Do I pass the entire block devices /dev/sda and /dev/sdb to some guest NAS OS? Do I format them and set up RAID on the host, then hand out virtual storage as-needed? Or do that and then create one large virtual storage for the NAS to manage?
I've been reading about filesystems and NAS for like 2 days and I just feel dumber than when I started.
If I ever fill 8TB I plan to get two more 8TB drives and set up RAID 6
I really don't need the "RAID is not a backup" lecture. I know this. I don't intend for it to be a backup.
>>
>>101411384
if you weren't poor you'd buy 21 22TB
>>
>>101411406
I don't need that much storage, I just need 80TB and a spare 4TB drive.
>>
>>101376126
If I create a VLAN in PVE or another HVM is it possible to join my desktop (which is not in the pool) to that VLAN?
>>
I'm trying to be responsible and setup backups. I have a proxmox host with a bunch of storage with a couple VMs, two of which have docker containers.

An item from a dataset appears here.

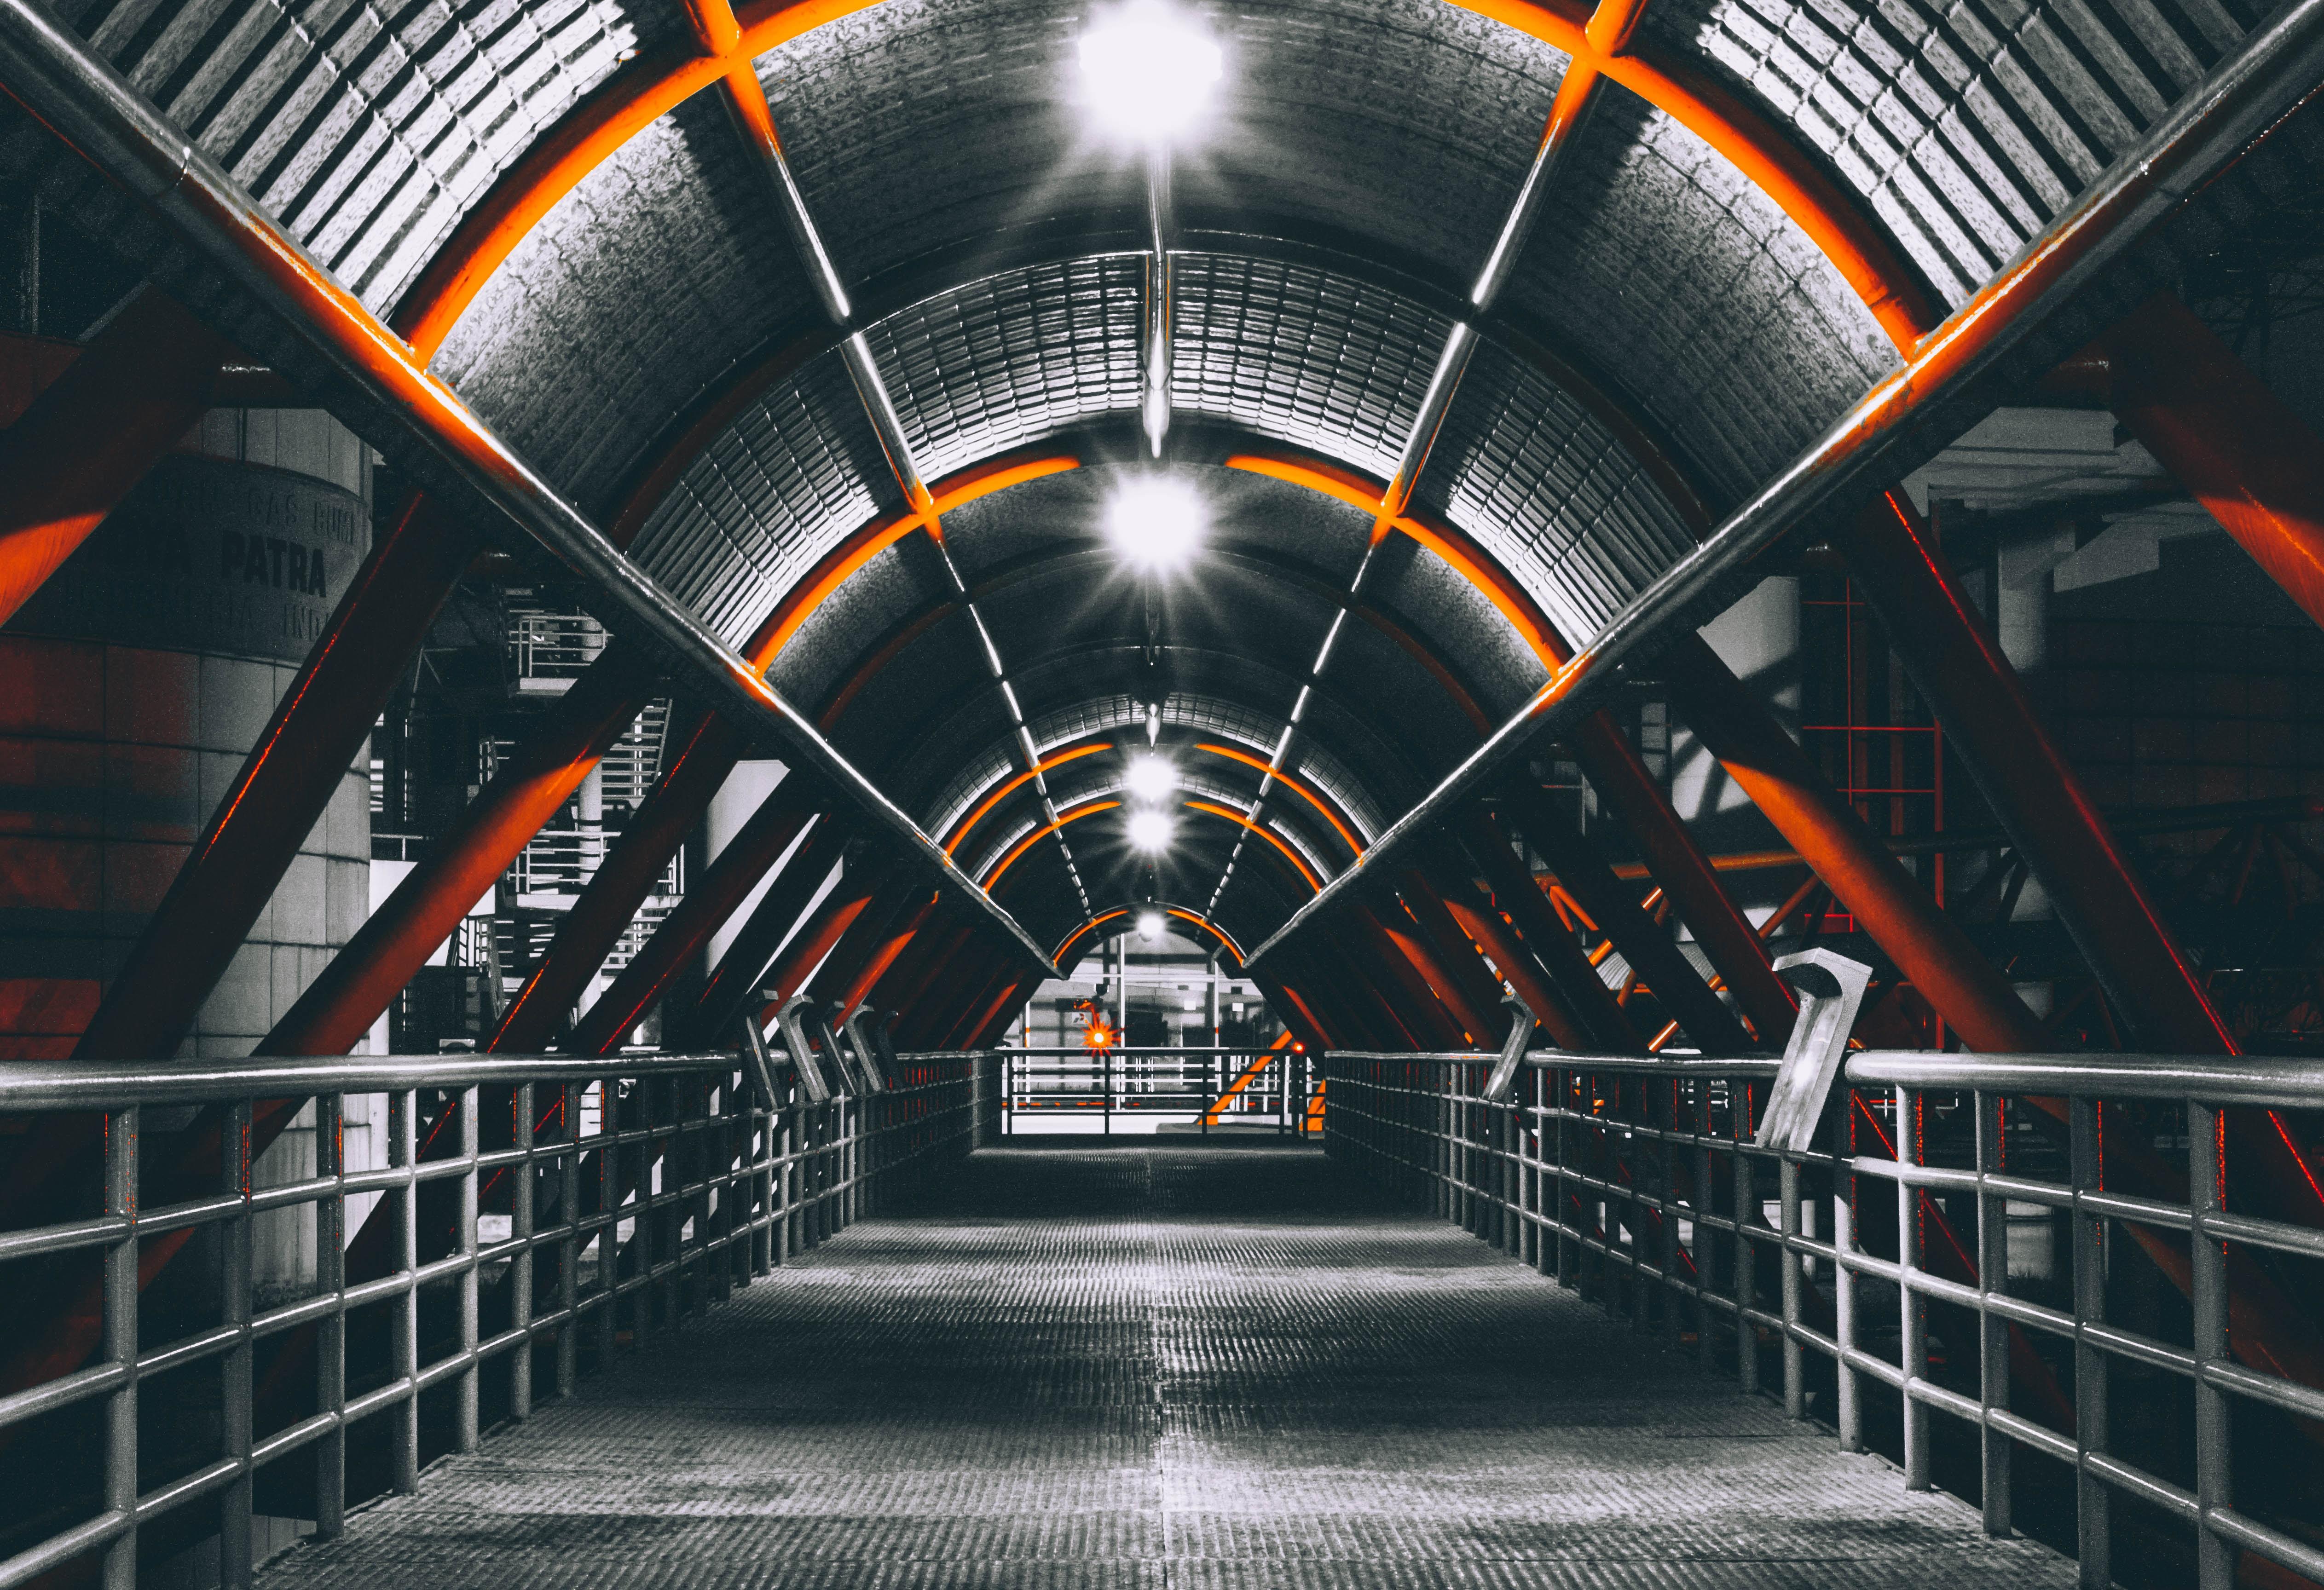 pathway between steel railings tunnel

I also have a separate NAS with important data like all my photos backups of family and stuff. Ironically it has less storage than my NAS because it hosts my media server which is "replacable" data and my NAS just handles what I deem important like documents and pics and stuff.
Can I get a babby wallthrpugh of what I should do or a good tutorial series? Kinda overwhelmed. Should everything converge onto the NAS then use something like backblaze? I also see Proxmox Backup Server is a thing.
>>
>>101411404
To clarify, I know how to format and mount drives, I just don't know what filesystem is appropriate use, and if it's the host or guest that should be managing that filesystem.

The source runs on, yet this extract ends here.